Just my cynical nature of course.
However ANY backup software is better than NONE provided it woirks reliably and you use it regularly.
For absolute 1000% reliability in backing up and restoring, the gold standard is StorageCraft ShadowProtect SPX, which is available for Windows and Linux. It is very expensive but has never failed me and I am sure it never will.

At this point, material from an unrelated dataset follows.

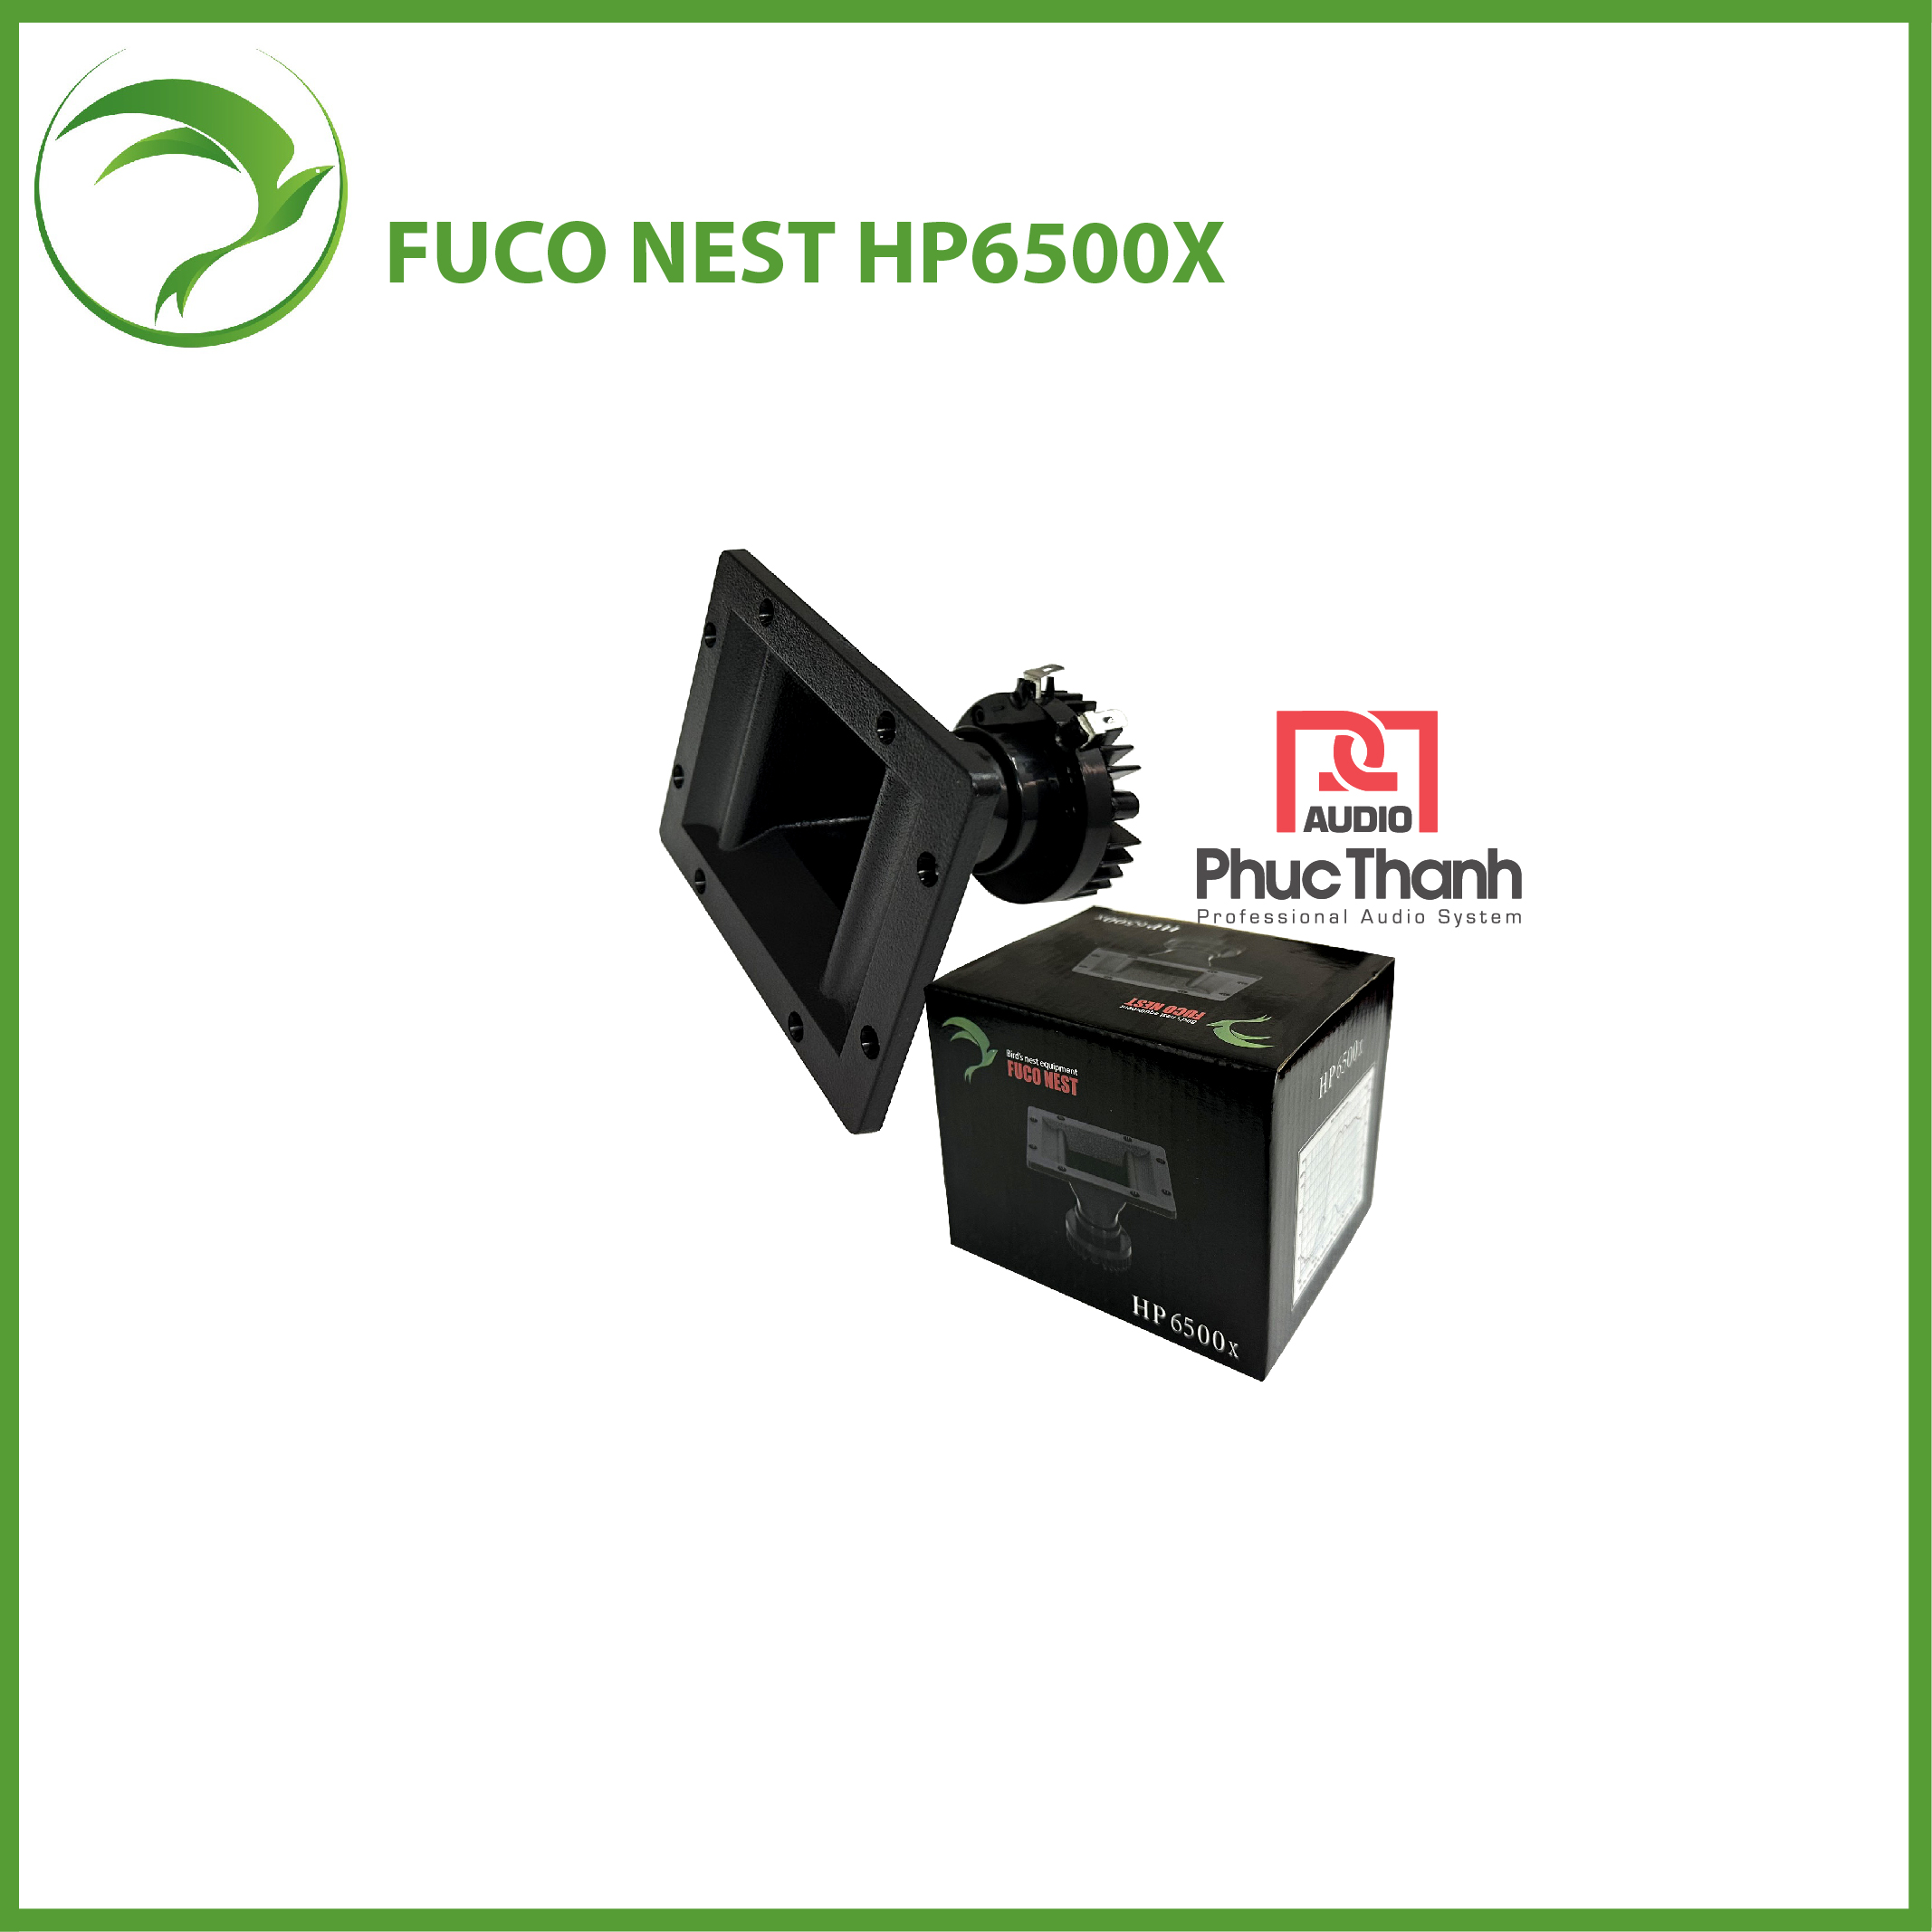 Loa Fuco Nest HP6500X (Đen)

It depends on what you mean by easier. I was a long time acronis user and over the years always had problems with drivers on their Linux recovery system. They never keep it up. Most of the time I had go thru and create PE recovery disks. Most of the time it was painful and difficult. The last version I was using was 2015. I went to install it on my state of the art NEW built PC and proceeded to build a PE disk, to find out it was missing several INTEL drivers I needed to support the USB 3.1 Hardware. Windows 10 supports it and then I found out that Acronis uses a Win 8 SDK to build their PE systems. I'm now a really happy MR user, and building their PE recovery disks is a piece of cake (Even adding additional driver's easy to do). Oh and MR gives you a choice on which Windows SDK you want to use.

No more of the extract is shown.